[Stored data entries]

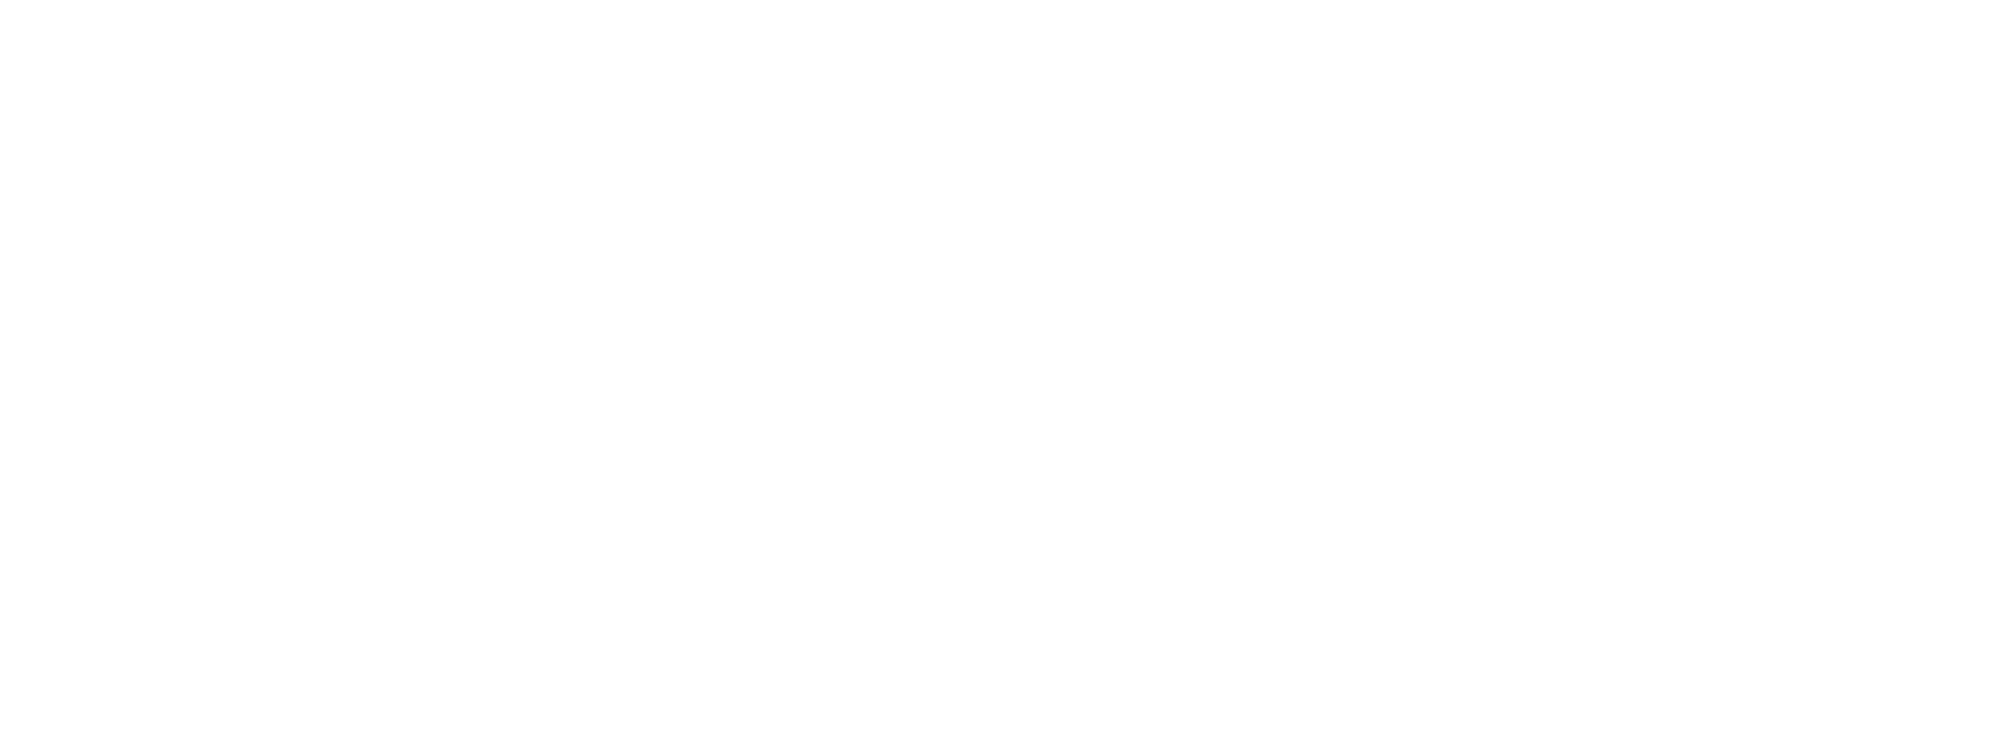 WDHN Logo - White
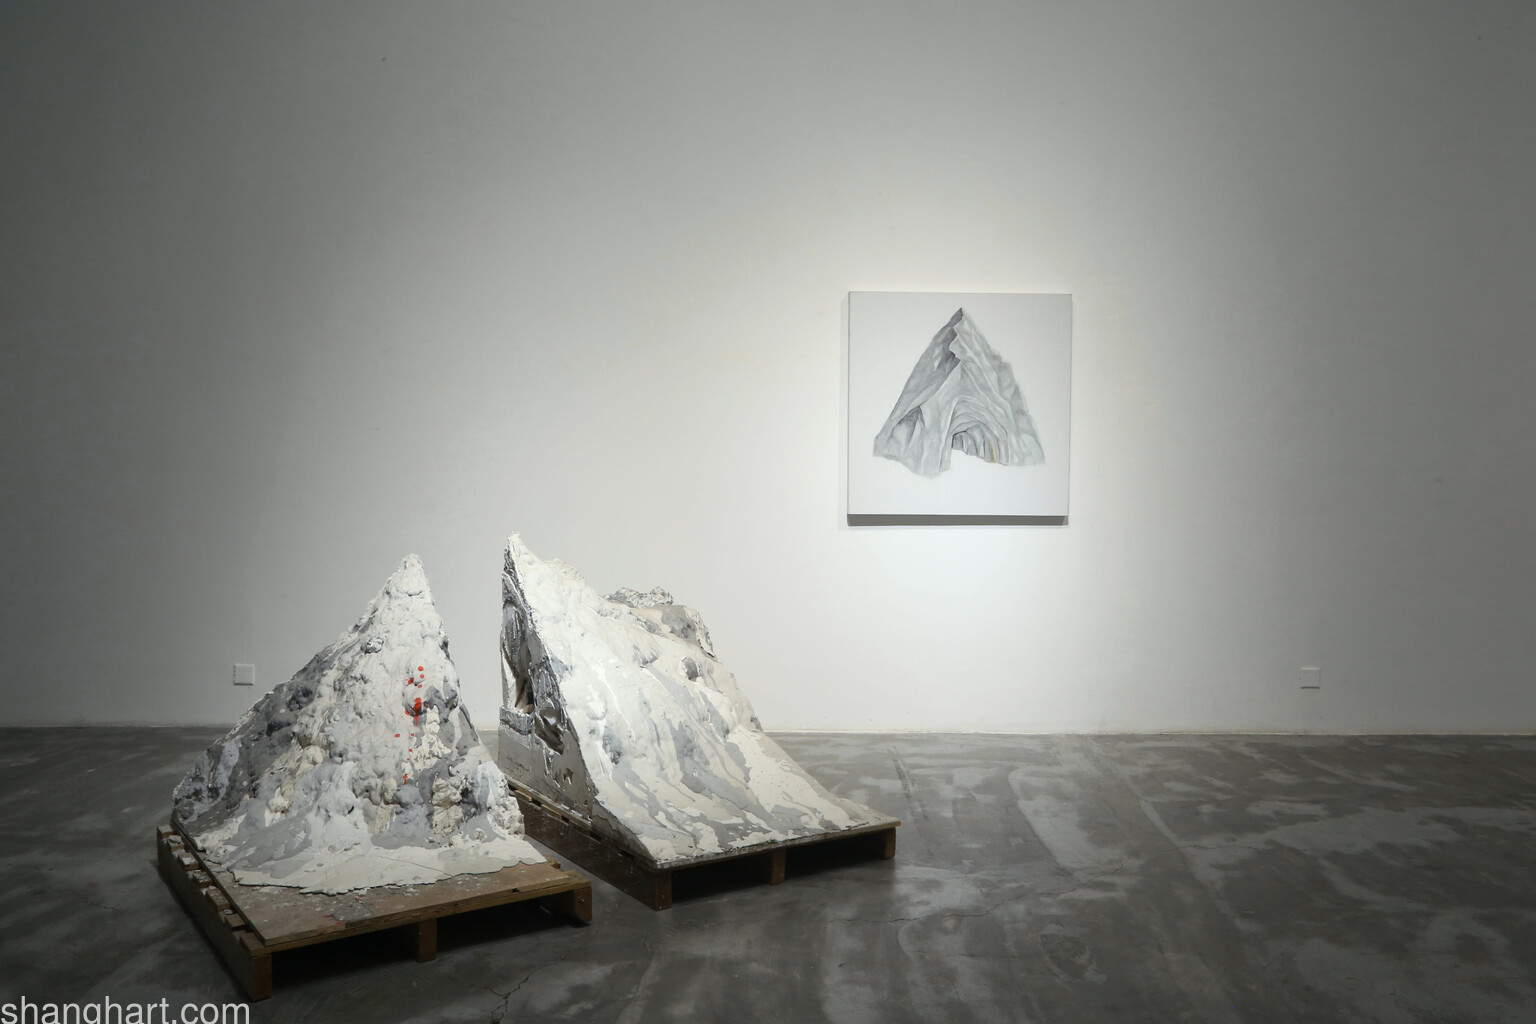 展览现场 | 石青   左：劳动创造山的剩余价值   右：自然向往抽象
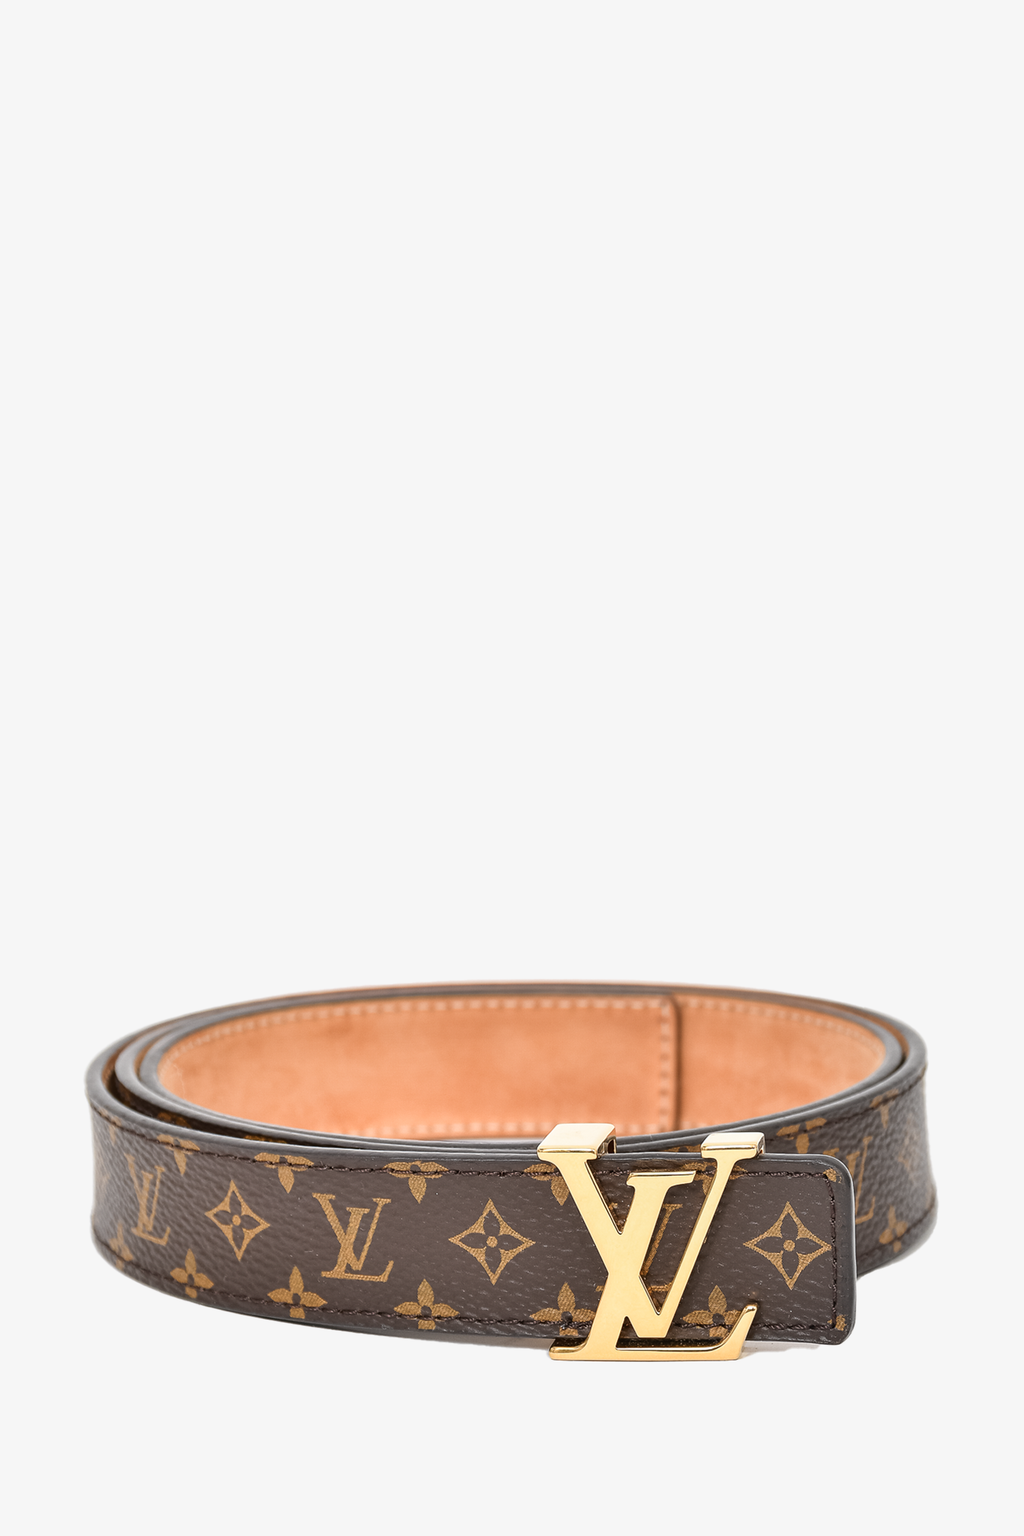 Louis Vuitton Size 80 Belt Monogram Canvas Black GHW
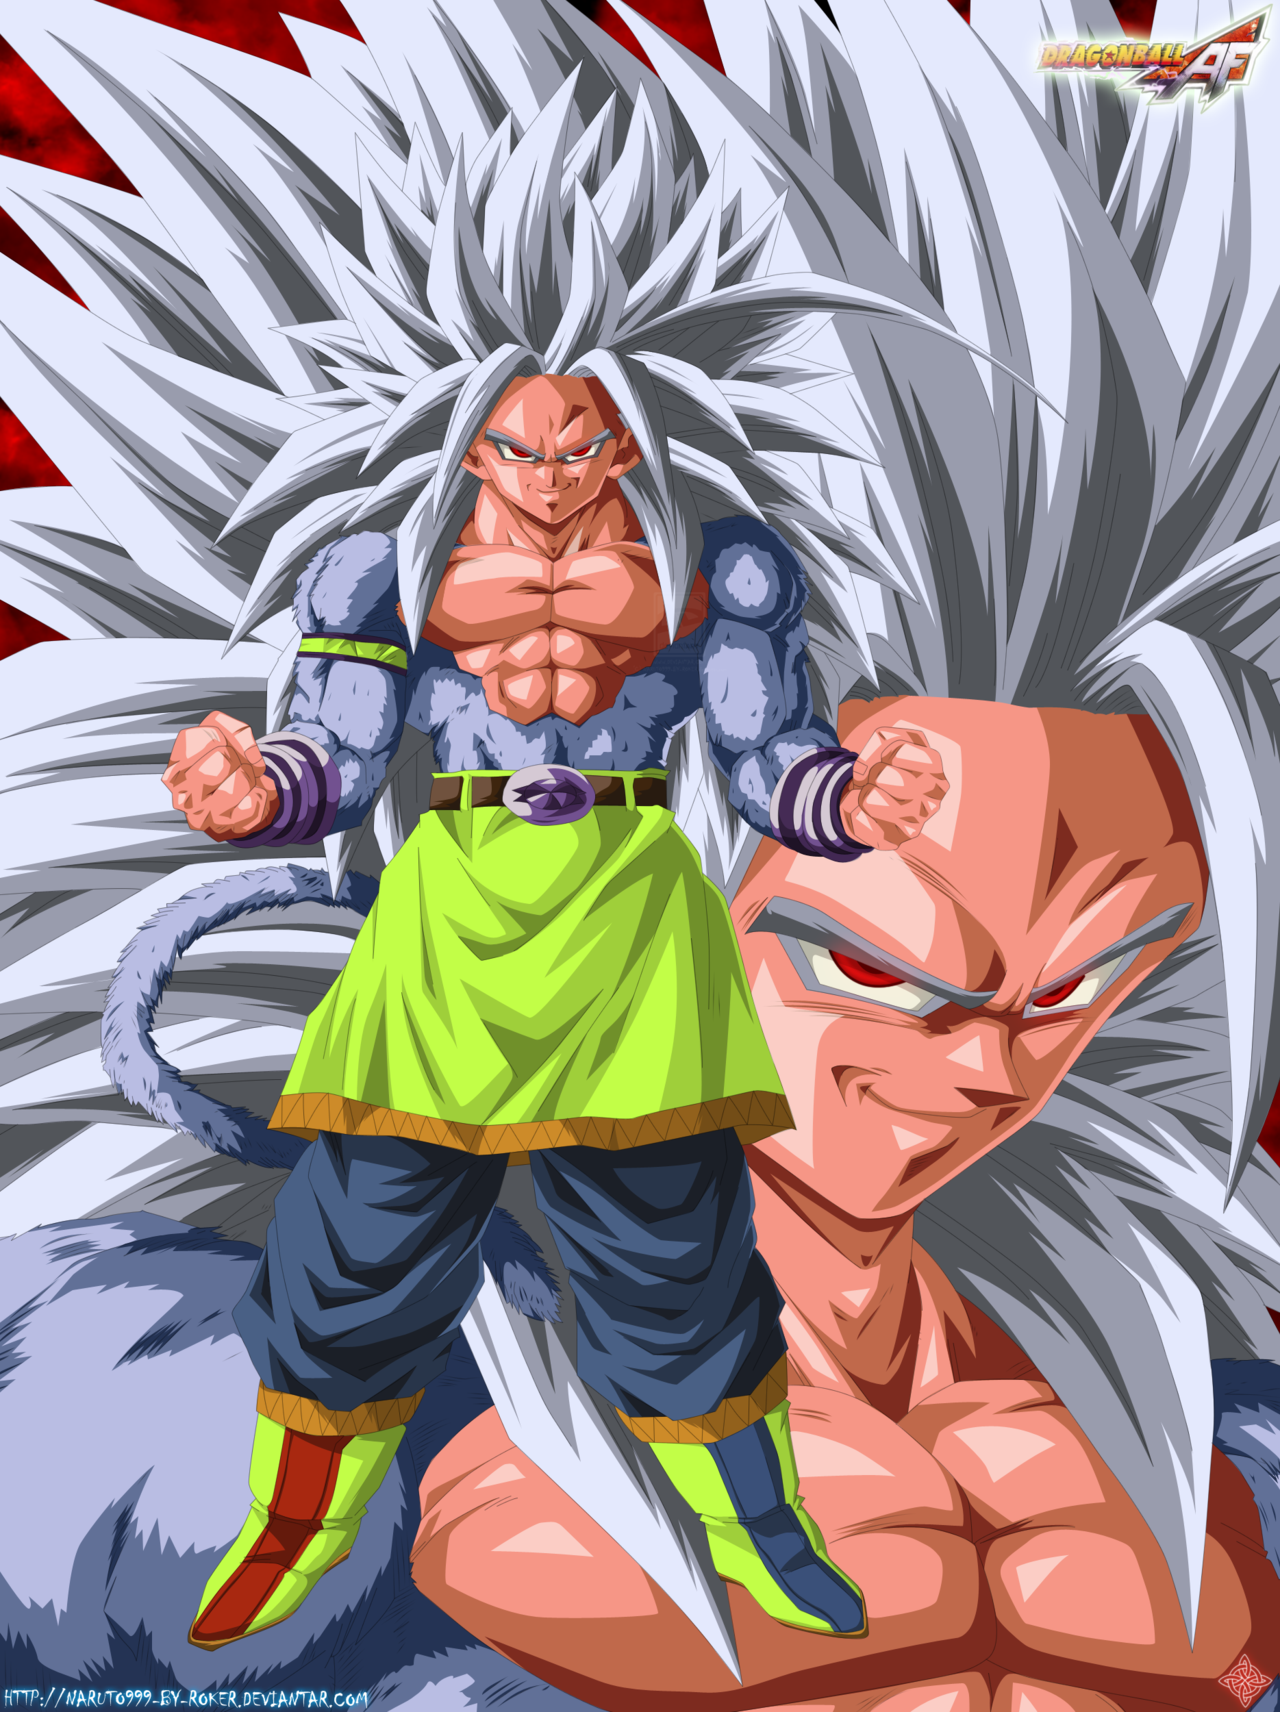 SSJ5 Goku & Vegeta VS SSGSS Goku & Vegeta
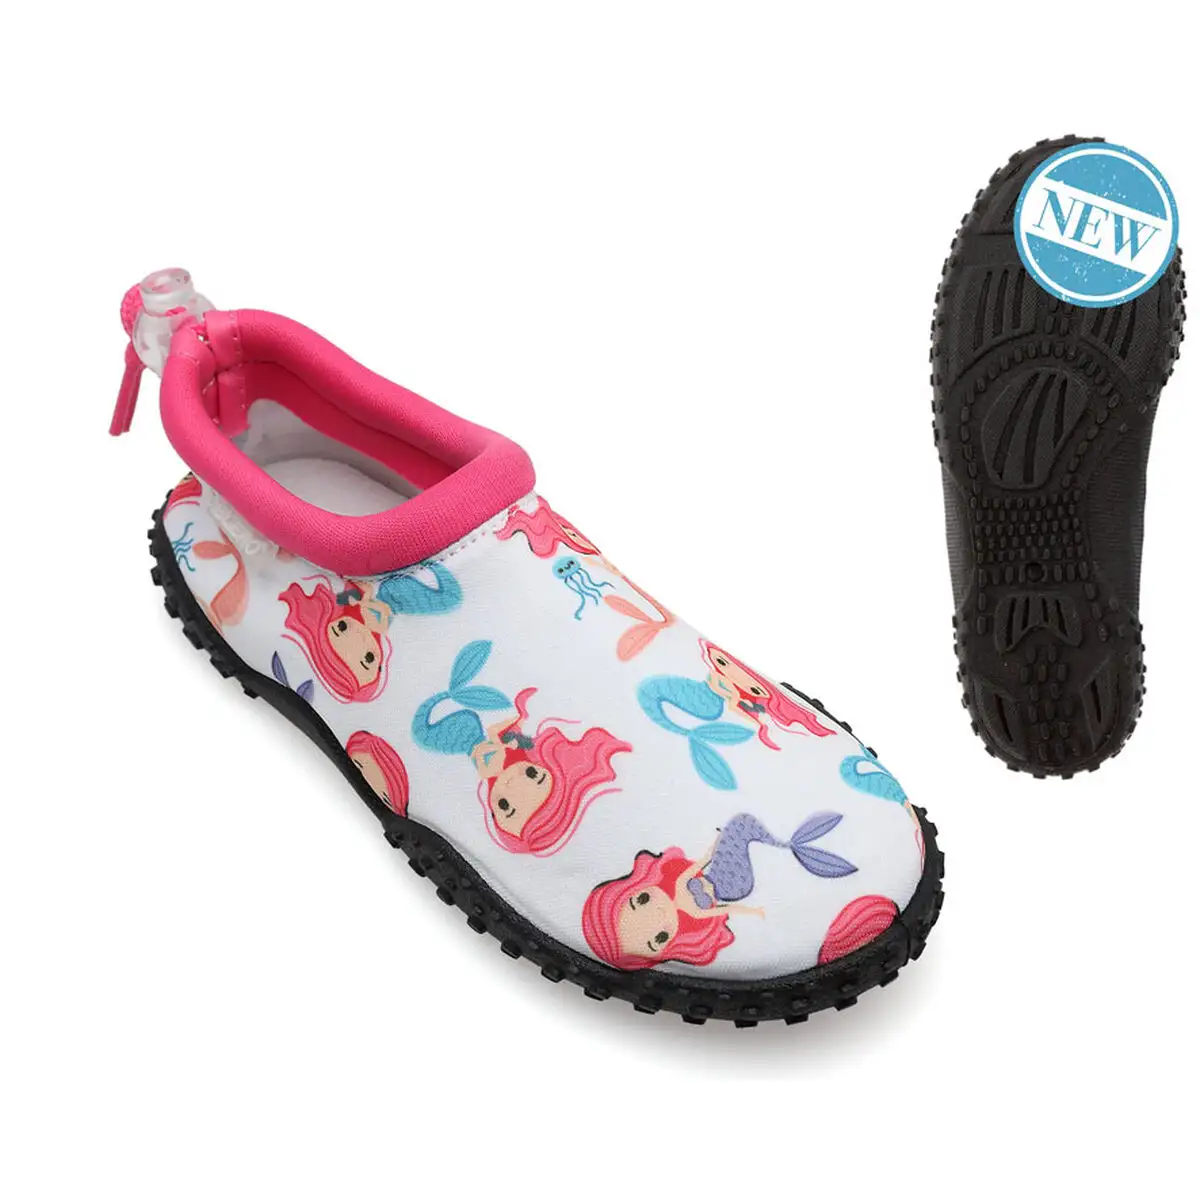 Chaussures aquatiques pour enfants sirene_5965. Bienvenue sur DIAYTAR SENEGAL - Où le Shopping est une Affaire Personnelle. Découvrez notre sélection et choisissez des produits qui reflètent votre unicité et votre individualité.

EXERCISE:
Start at the line holding "SSJ5 Goku & Vegeta VS SSGSS Goku & Vegeta" and stop at the last line of the entries above. Repeat those lines exactly, pictures excluded.

EXERCISE OUTPUT:
 SSJ5 Goku & Vegeta VS SSGSS Goku & Vegeta
 Chaussures aquatiques pour enfants sirene_5965. Bienvenue sur DIAYTAR SENEGAL - Où le Shopping est une Affaire Personnelle. Découvrez notre sélection et choisissez des produits qui reflètent votre unicité et votre individualité.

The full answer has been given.